**** Records provided

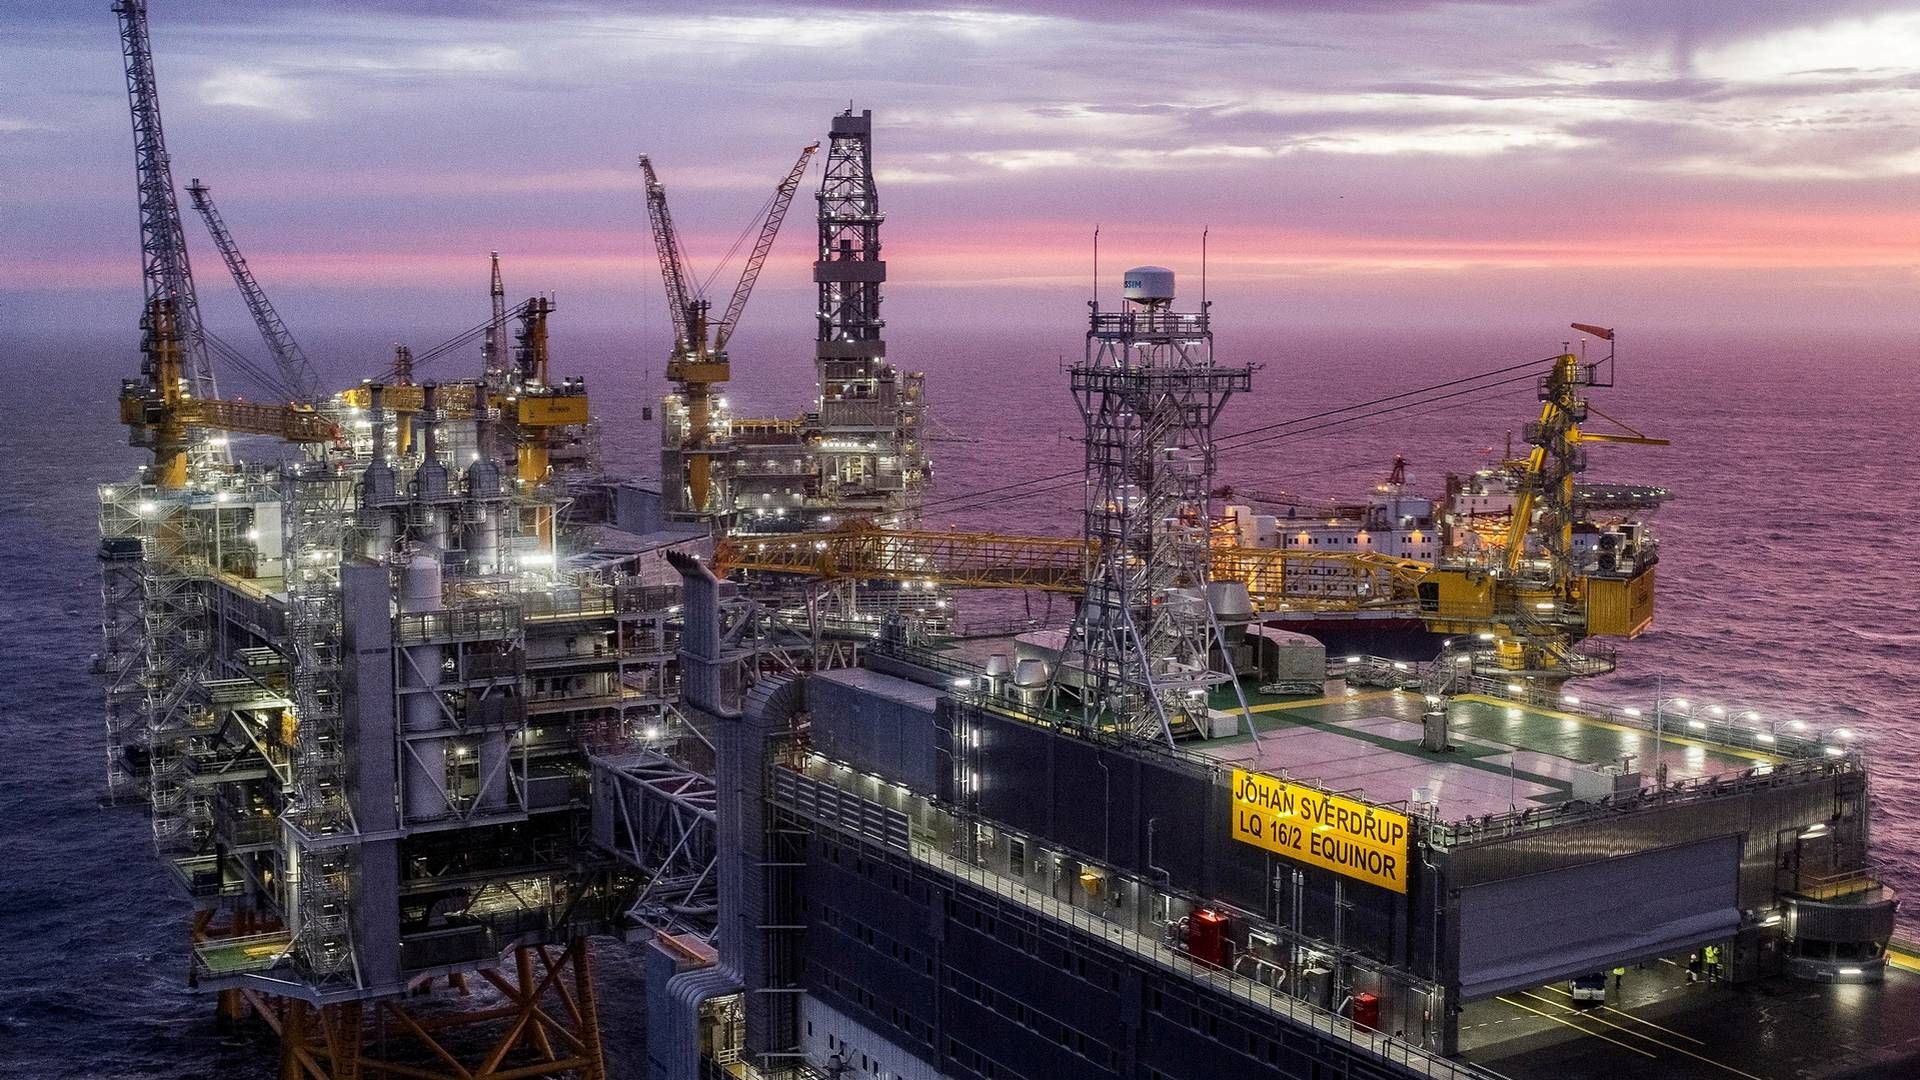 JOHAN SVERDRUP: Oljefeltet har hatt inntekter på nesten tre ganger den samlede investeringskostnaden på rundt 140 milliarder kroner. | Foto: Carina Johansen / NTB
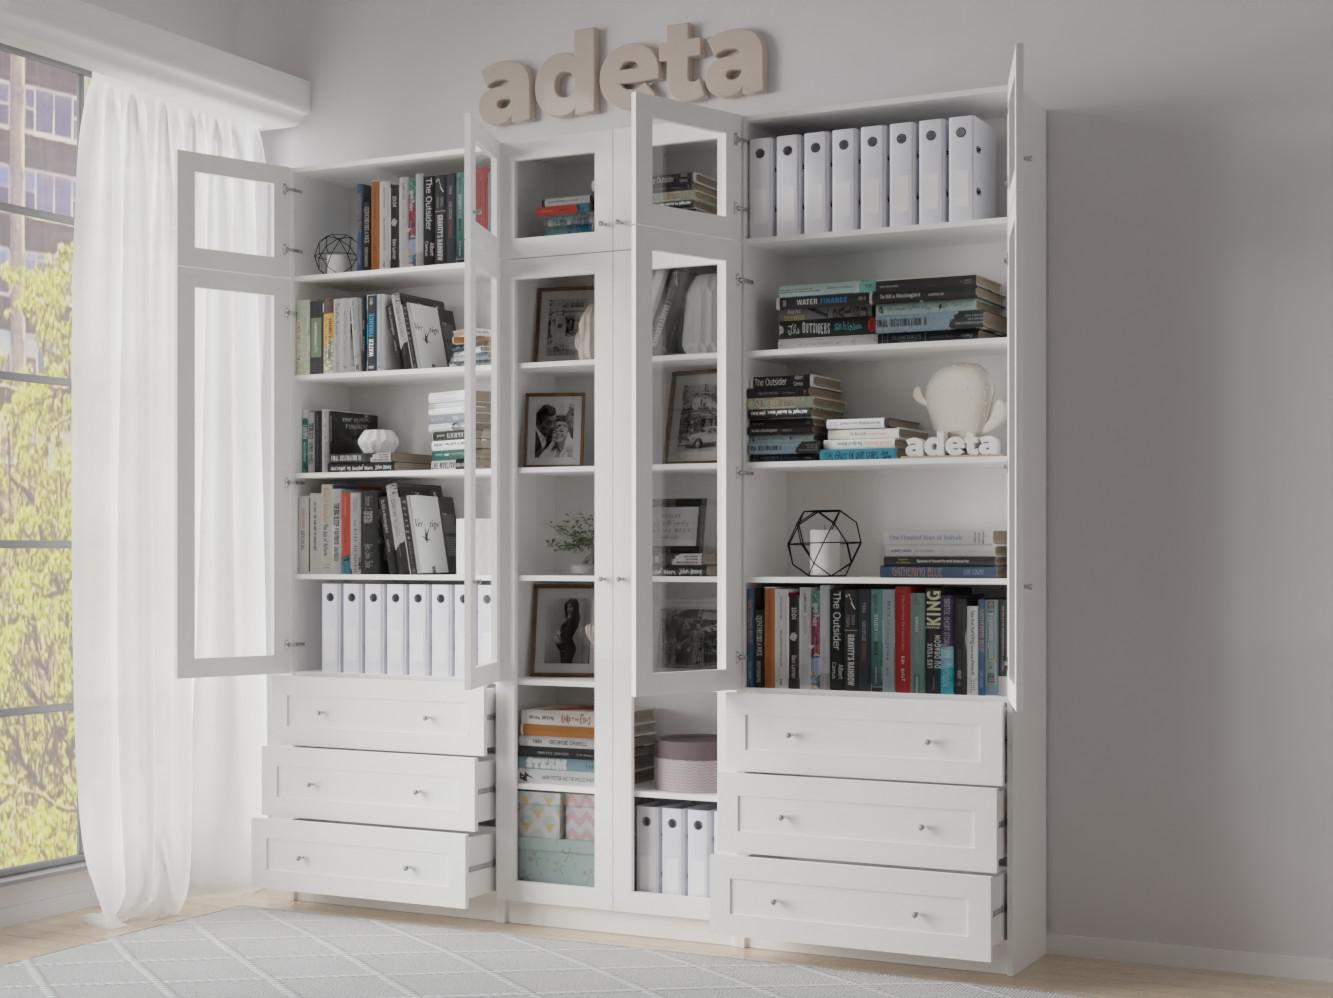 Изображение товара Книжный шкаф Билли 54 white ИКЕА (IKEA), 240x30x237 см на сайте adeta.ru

********
**** Records provided

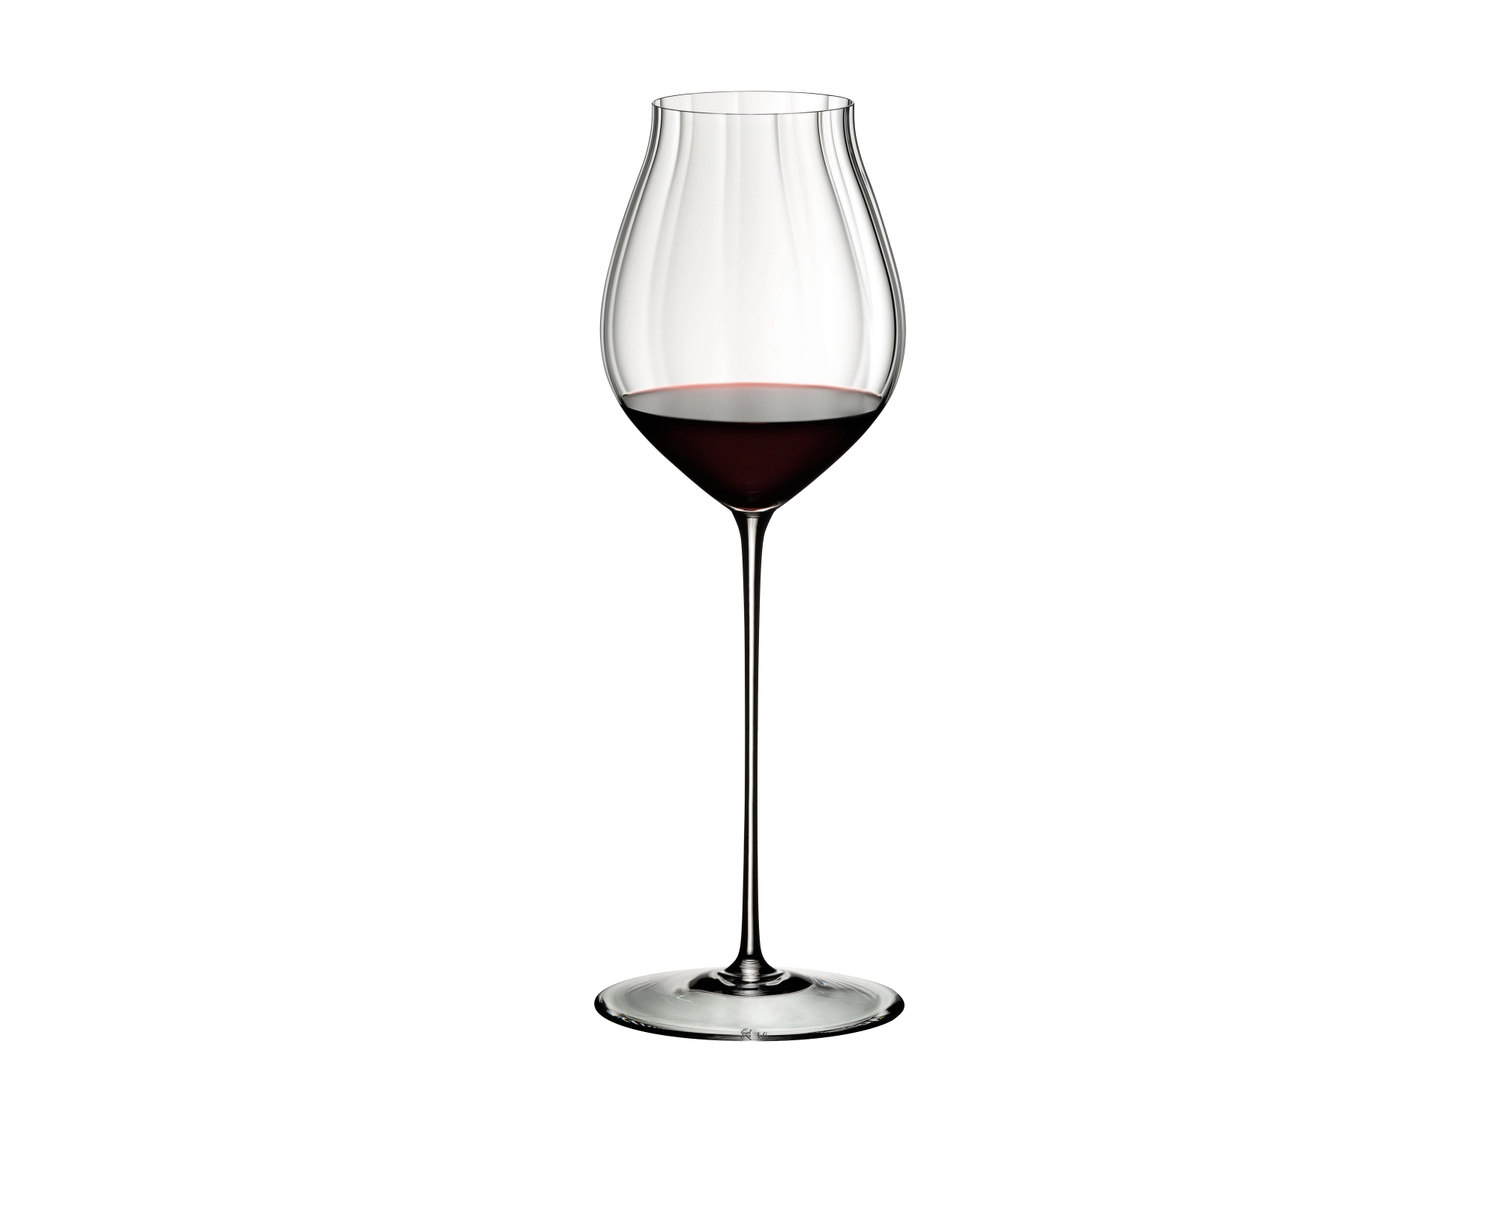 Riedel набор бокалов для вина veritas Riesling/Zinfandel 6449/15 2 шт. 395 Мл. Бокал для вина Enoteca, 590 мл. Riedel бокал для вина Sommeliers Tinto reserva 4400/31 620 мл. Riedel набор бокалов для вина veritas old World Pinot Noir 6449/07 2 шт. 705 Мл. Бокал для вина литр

********

## What is required:
Return word for word the lines of the listing above, starting at the line with "JOHAN SVERDRUP: Oljefeltet" and ending at the line with "Изображение товара Книжный", both included. Pictures do not belong in the copy.

## Written reply:
 JOHAN SVERDRUP: Oljefeltet har hatt inntekter på nesten tre ganger den samlede investeringskostnaden på rundt 140 milliarder kroner. | Foto: Carina Johansen / NTB
 Изображение товара Книжный шкаф Билли 54 white ИКЕА (IKEA), 240x30x237 см на сайте adeta.ru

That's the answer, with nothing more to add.